Functional analysis and mechanistic explanation

David Barrett

pp. 2695-2714

Piccinini and Craver (Synthese 183:283–311, 2011) argue for the surprising view that psychological explanation, properly understood, is a species of mechanistic explanation. This contrasts with the ‘received view’ (due, primarily, to Cummins and Fodor) which maintains a sharp distinction between psychological explanation and mechanistic explanation. The former is typically construed as functional analysis, the analysis of some psychological capacity into an organized series of subcapacities without specifying any of the structural features that underlie the explanandum capacity.
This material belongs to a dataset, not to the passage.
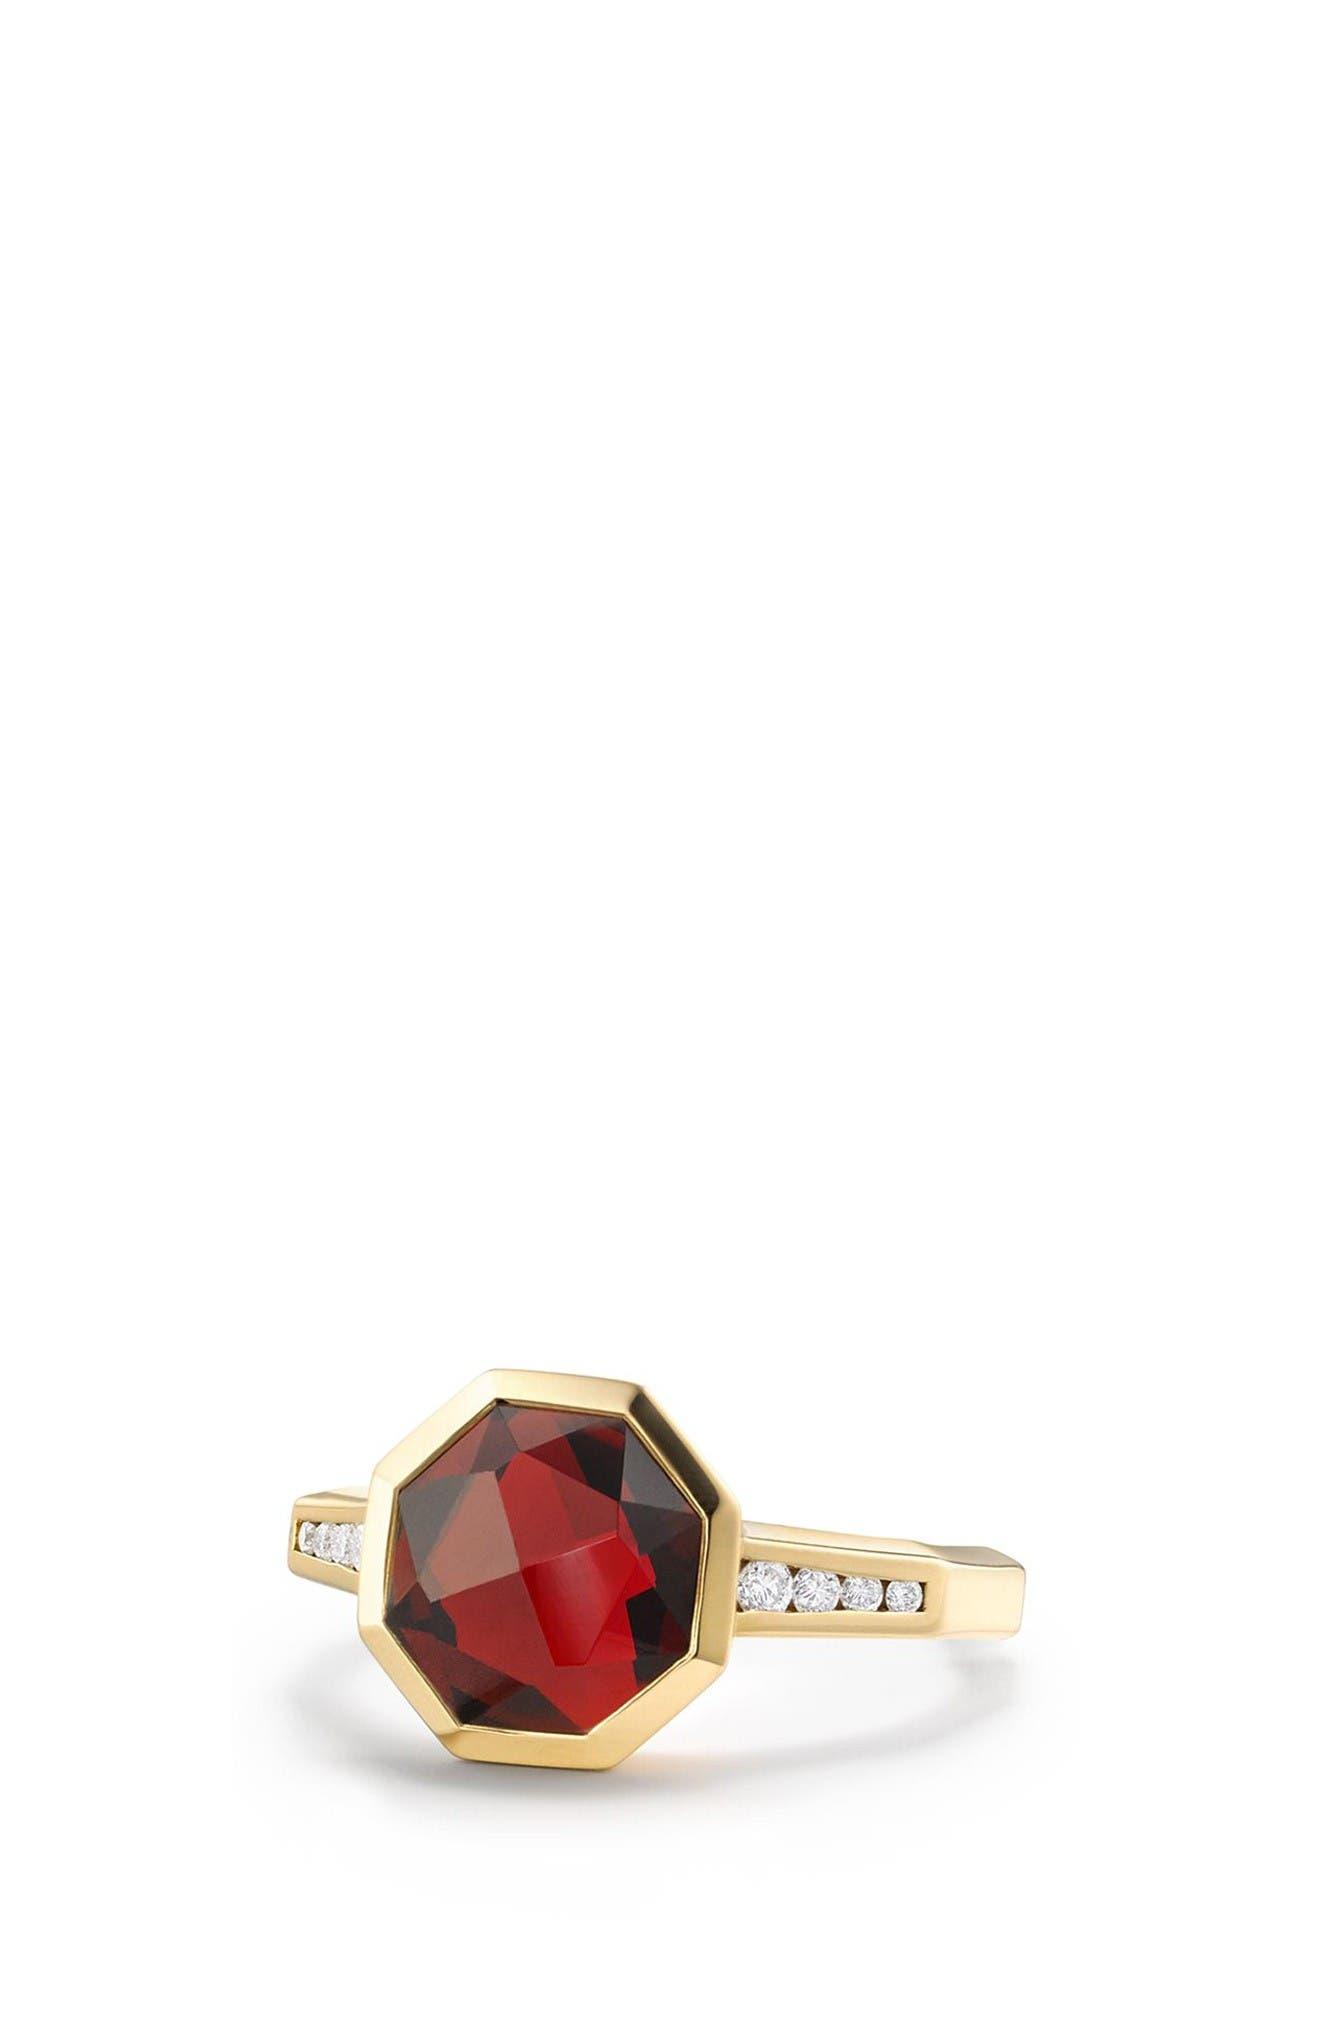 David Yurman Guilin Octagon Ring with Diamonds in 18K Gold

The latter idea, of course, sees explanation as a matter of describing structures that maintain (or produce) the explanandum capacity. In this paper, I defend the received view by criticizing Piccinini and Craver’s argument for the claim that psychological explanation is not distinct from mechanistic explanation, and by showing how psychological explanations can possess explanatory force even when nothing is known about the underlying neurological details. I conclude with a few brief criticisms about the enterprise of mechanistic explanation in general.

Publication details

DOI: 10.1007/s11229-014-0410-9

Full citation:

Barrett, D. (2014). Functional analysis and mechanistic explanation. Synthese 191 (12), pp. 2695-2714.